Spotlight: Land-cover Classification

Classifications aim in grouping pixel values into homogeneous categories. The categories can be defined a priori or posteriori whichever supervised or unsupervised classification model is used.

Unsupervised land-cover classification

An unsupervised land-cover classification uses unlabeled input data that is grouped into homogeneous classes. Once the classes have been computed, the user assigns a reasonable land-cover type to each class (if possible) posteriori.

Illustration of an unsupervised classification.

Such classifications generally require at least three steps:

  1. Compilation of a comprehensive input dataset containing one or more raster layers.
  2. Classification of the unlabeled input dataset into n clusters based on the homogeneity of the pixel values. A typical classification model for this step is the k-means cluster algorithm.
  3. Assignment of land-cover types to the individual clusters by the remote sensing expert. The same land-cover type class can be assigned to more than one cluster.

The assignment of land-cover types to the clusters requires some knowledge about the actual land-cover distribution in the respective observation area. If the selected land-cover types and the clusters do not match, one can change and extend the input data set or use a different setting for the clustering algorithm or adjust the detail level of the land-cover typology.

Supervised land-cover classification

A supervised land-cover classification uses a limited set of labeled training data to derive a model which is used to predict the respective land-cover in the entire dataset. Hence, the land-cover types are defined a priori and the model tries to predict these types based on the similiarity between the properties of the training data and the rest of the dataset.

Illustration of a supervised classification.

Such classifications generally require at least five steps:

  1. Compilation of a comprehensive input dataset containing one or more raster layers.
  2. Selection of training areas, i.e. subsets of input datasets for which the land-cover type is known by the remote sensing expert. Knowledge about the land-cover can be derived e.g. from own or third party in situ observations, management information or other remote sensing products (e.g. high resolution aerial images).
  3. Training of a model using the training areas. For validation purposes, the training areas are often further divided into one or more test and training samples to evaluate the performance of the model algorithm.
  4. Application of the trained model to the entire dataset, i.e. prediction of the land-cover type based on the similarity of the data at each location to the class properties of the training dataset.

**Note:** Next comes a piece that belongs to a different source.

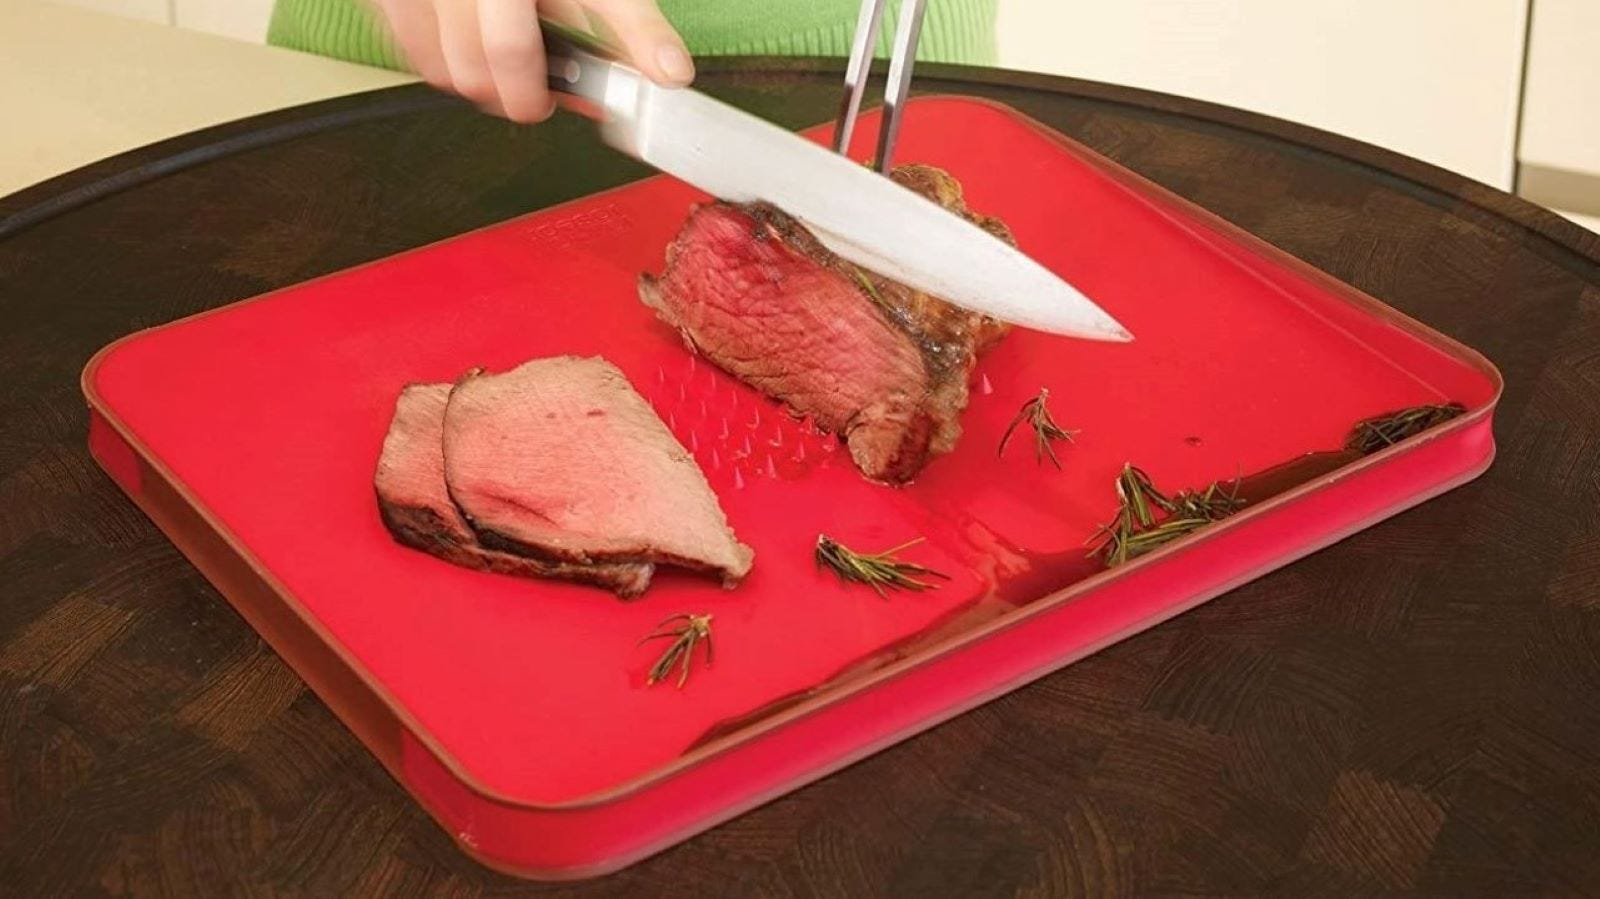 Someone slicing roast beef on the Joseph Joseph Meat Cutting Board.

Please note that all types of classifications require a thorough validation which will be in the focus of upcomming course units.

The following illustration shows the steps of a supervised classification in more detail. The optional segmentation operations are mandatory for object oriented classifications which do not only rely on the values of each individual raster cell in the input dataset but also consider the geometry of objects. To delineate individual objects like houses or tree crowns, segmentation algorithms are used which consider the homogeneity of the pixel values within their spatial neighborhood.

Illustration of a supervised classification.